• **GIVEN RECORDS**

- - -

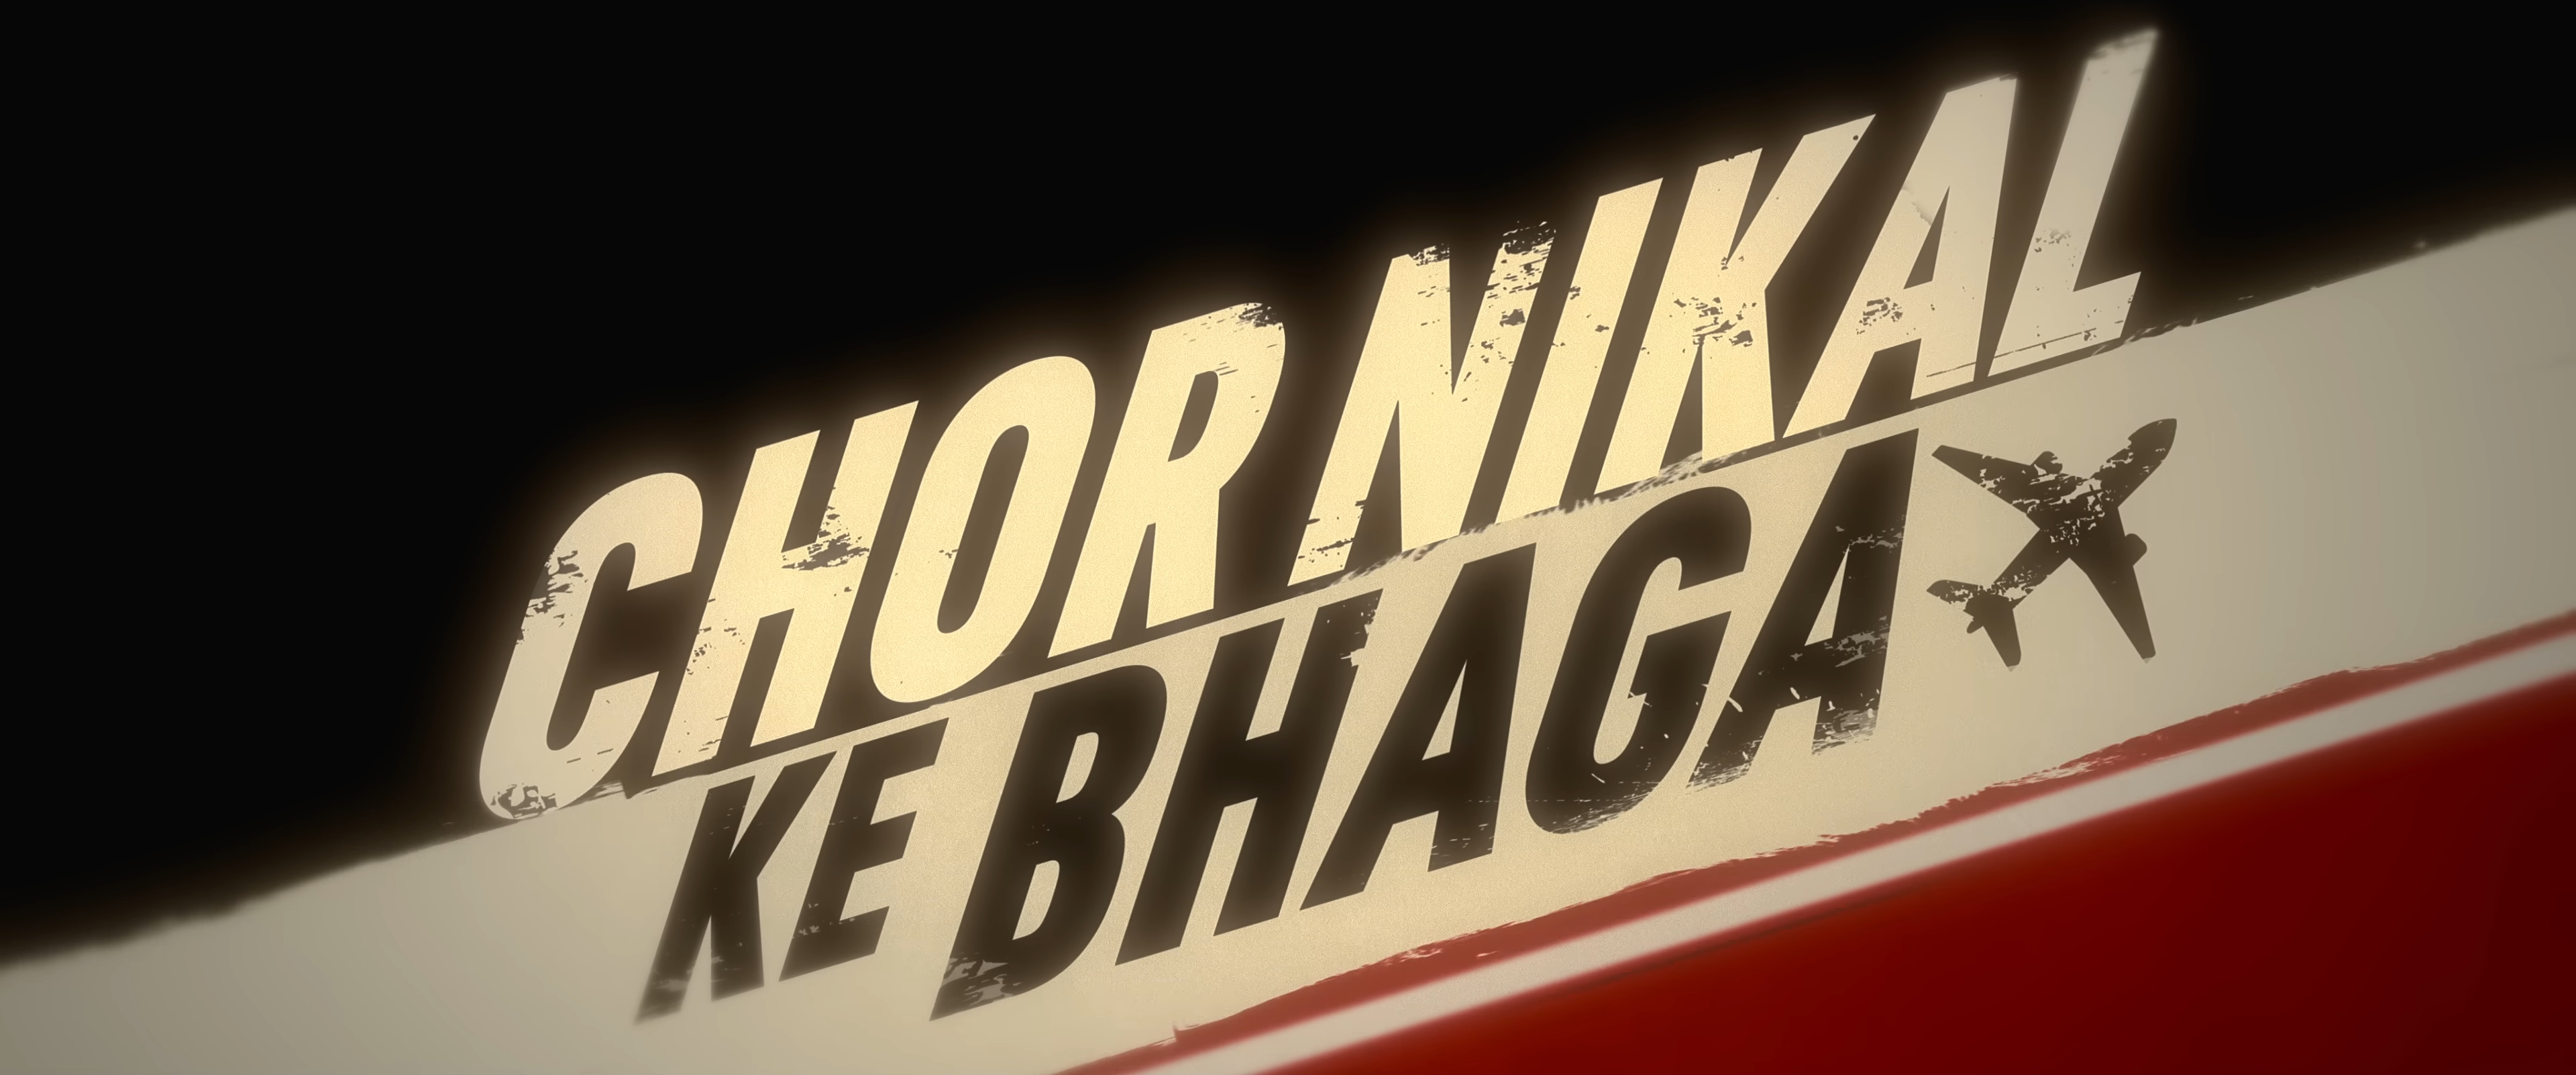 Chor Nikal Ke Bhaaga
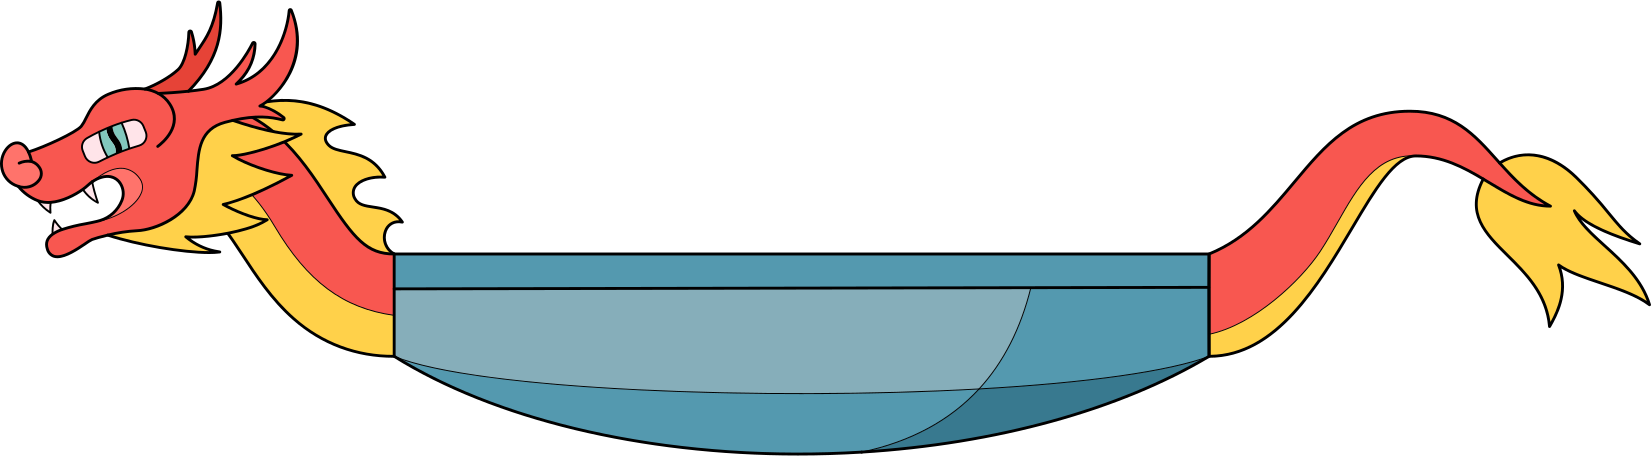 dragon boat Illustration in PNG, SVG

- - -

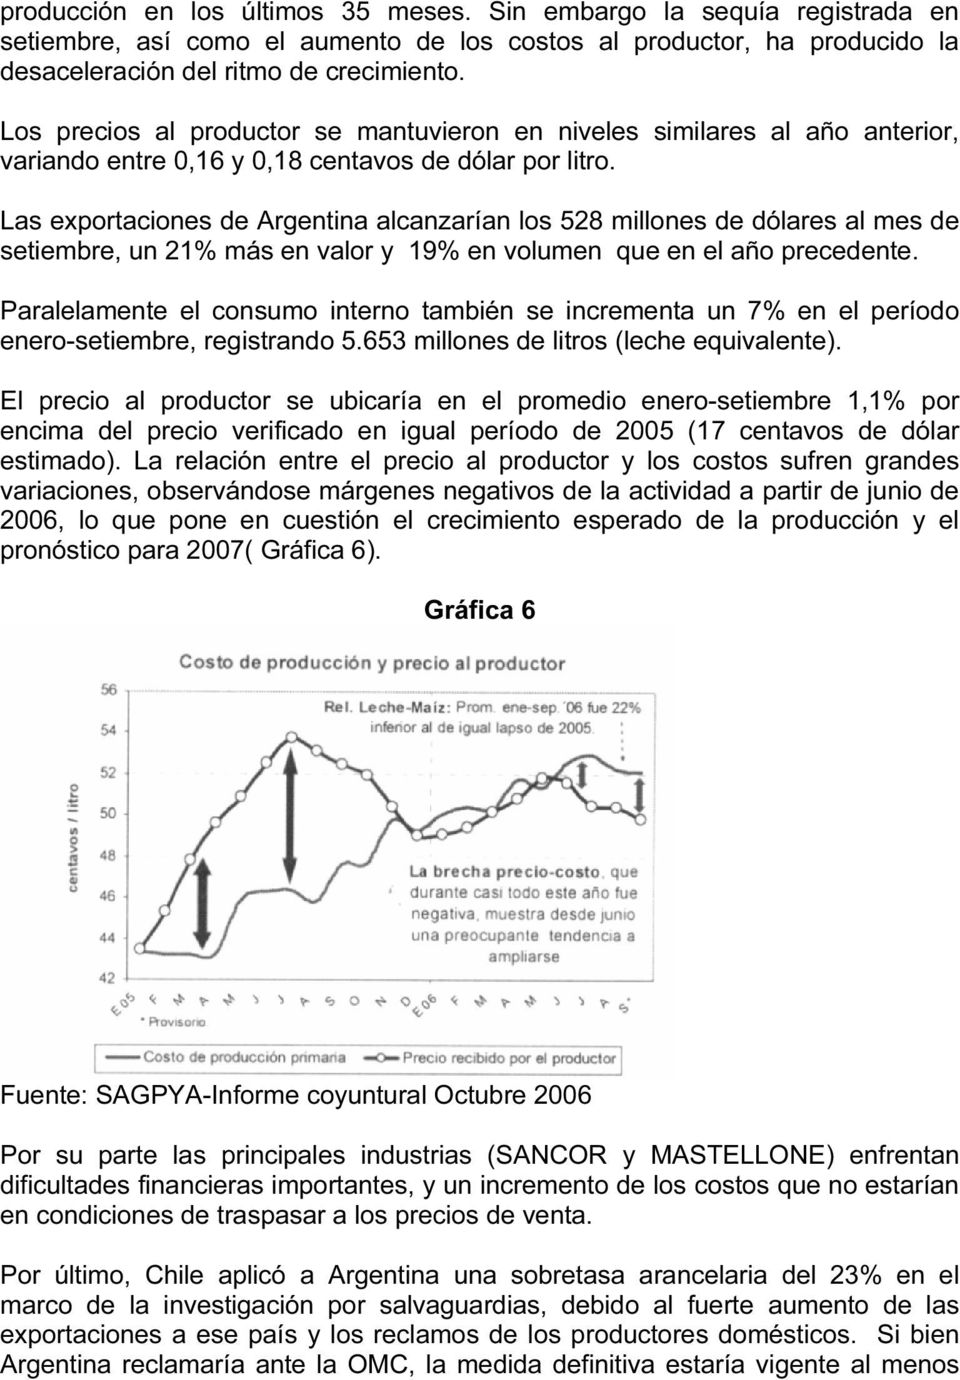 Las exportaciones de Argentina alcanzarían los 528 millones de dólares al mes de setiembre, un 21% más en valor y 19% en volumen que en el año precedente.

- - -

• **WHAT YOU SHOULD DO**
Pictures are to be left out. Write out only the lines above starting at the one with "Chor Nikal Ke Bhaaga" and ending at the one with "dragon boat Illustration in PNG, SVG", both lines included, exactly.

• **RESULT**
 Chor Nikal Ke Bhaaga
 dragon boat Illustration in PNG, SVG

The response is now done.